There are no tuning parameters. However, we must use training and validation techniques to understand its predictive ability. When reampling a dataset with many predictors (for example, 100 samples and 75 predictors), be mindful that resampling may not be able to find a unique set of regression coefficients if the resampling scheme only uses ~2/3 of the data.

Drawbacks:

• Does not work when the number of predictors is greater than the number of samples. If the number of predictors is large, reduce the dimension of the predictor space with techniques such as PCA.
• Not good when a predictor is a linear combination of other predictors. When collinearity exists, then a linear model can still be fit but we lose the ability to meaningfully interpret the coefficients. We can diagnose multicollinearity with the variance inflation factor (VIF).
• Not good for modeling non-linear relationships. Diagnose this with residual plots.
• Not good at handling to outliers, since they have exponentially larger residuals. We can make linear regression more robust by minimizing a metric other than SSE, such as mean absolute error and the Huber function (see below1).

Partial Least Squares and Principal Components Regression

[Note: I wrote a more comprehensive overview of PLS and PCR here.]

Partial Least Squares (PLS) finds linear combinations of the variables chosen to maximally summarize their covariance with the response. PLS is a supervised dimension reduction procedure that should be used when there are correlated predictors and a linear regression-type solution is desired.

Principal Components Regression (PCR) finds linear combinations of the variables to maximally summarize their variance without any regard to the response. However, if the variability of the predictors is not related to the variability of th eresponse, then PCR can have difficulty identifying a predictive relationship when one might actually exist.

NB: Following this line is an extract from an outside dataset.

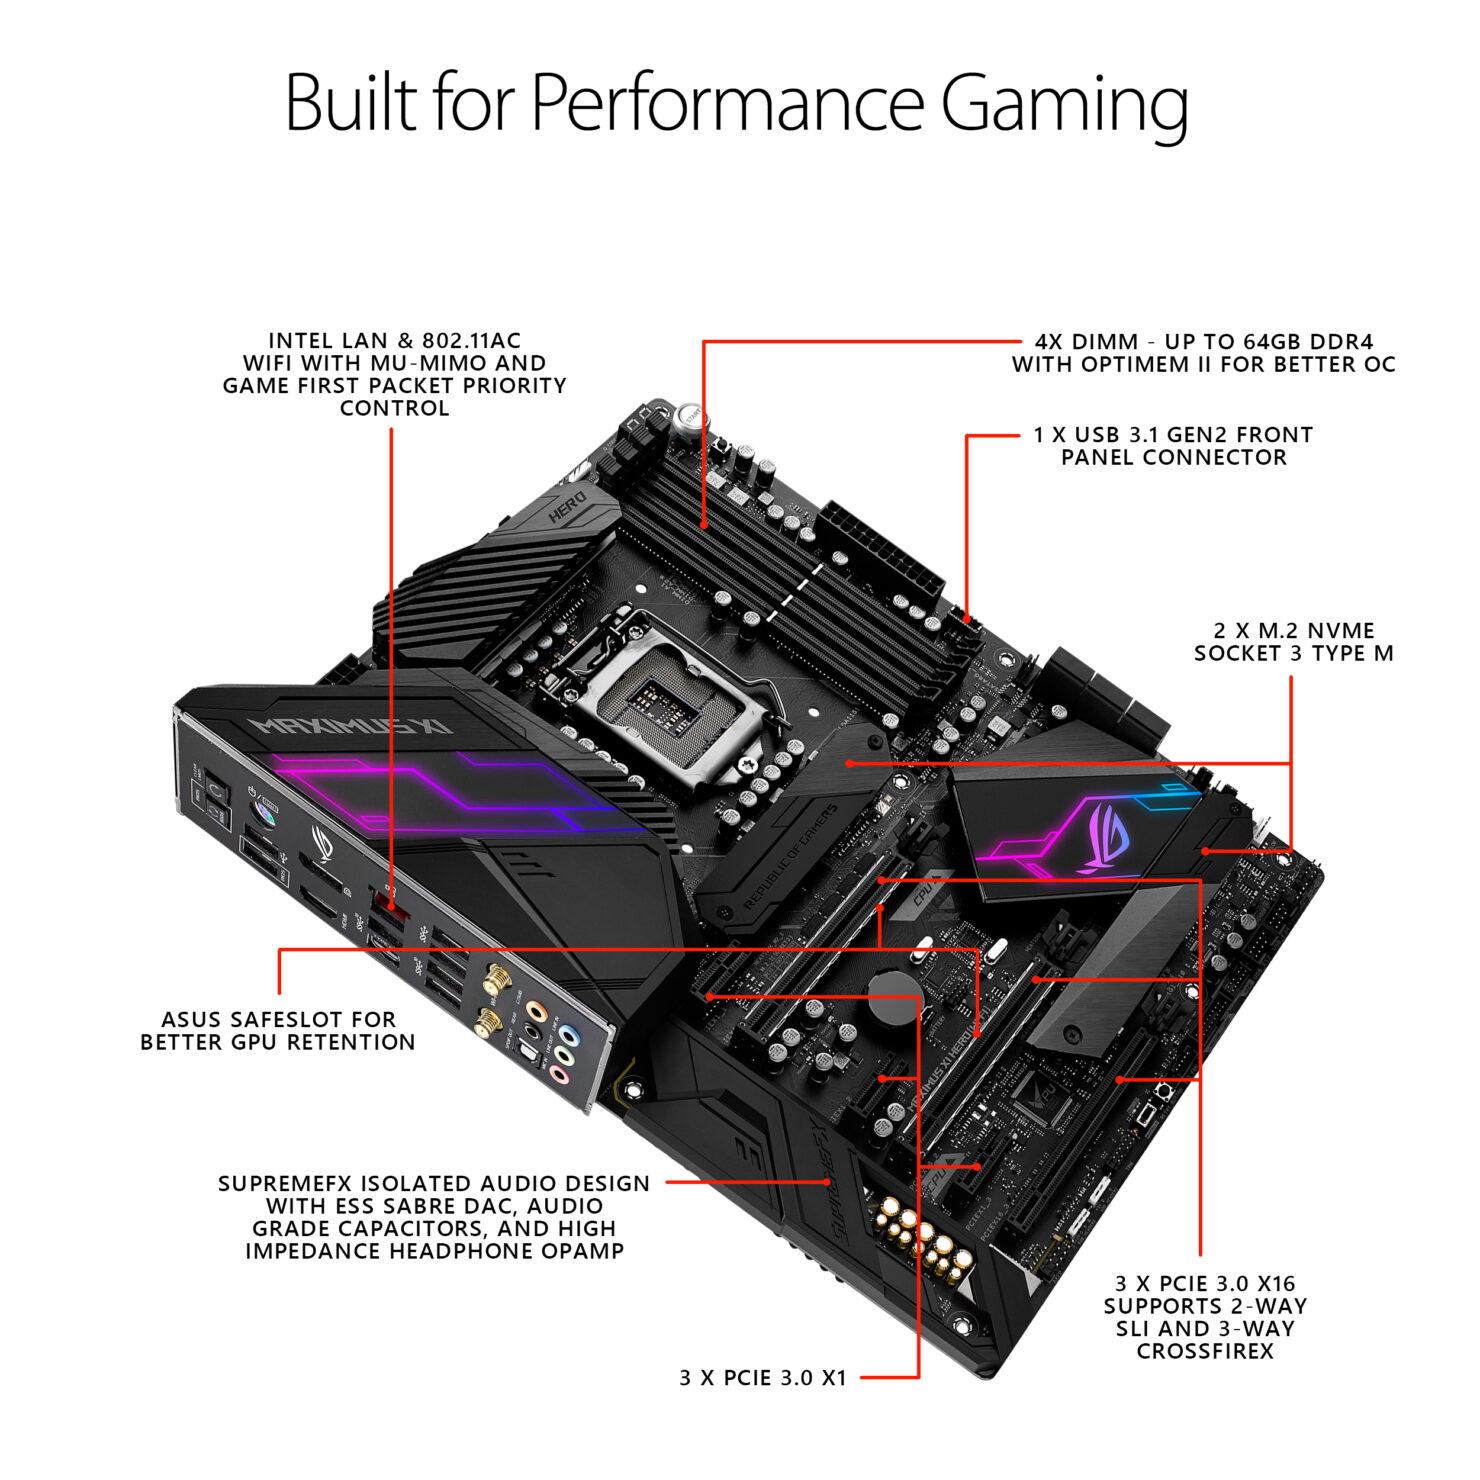 4-rog-maximus-xi-hero-wi-fi-built-for-performance-gaming

In practice, PLS and PCR have similar predictive ability. The number of components needed in PLS is always less than or equal to that of PCA to achieve the same predictive power.

Good to know:

• It’s important to pre-process the data by centering and scaling to enure that variation in each variable is treated equally.
• “Variable importance in the projection” (VIP) can be assessed by the size of the normalized weight and amount of variation in the response that is explained by the component. In other words, the importance of the $j$th predictor is given by a fraction where:
• the numerator is a weighted sum of the normalized weights corresponding to the $j$th predictor. The $j$th normalized weight of the $k$th component, $w_{kj}$, is scaled by the amount of variation in the response explained by the $k$th component.
• the denominator is the total amount of response variation explained by all $k$ components.
• the rule of thumb is that values over 1 have important predictive power.

There have been many advances in computational time and dealing with nonlinear predictor spaces. PLS and PCR require significant effort to model nonlinear relationships, especially when the number of predictors is large. For cases where non-linear modeling is important, other techniques that can more naturally identify nonlinear structures are recommended over PLS and PCR.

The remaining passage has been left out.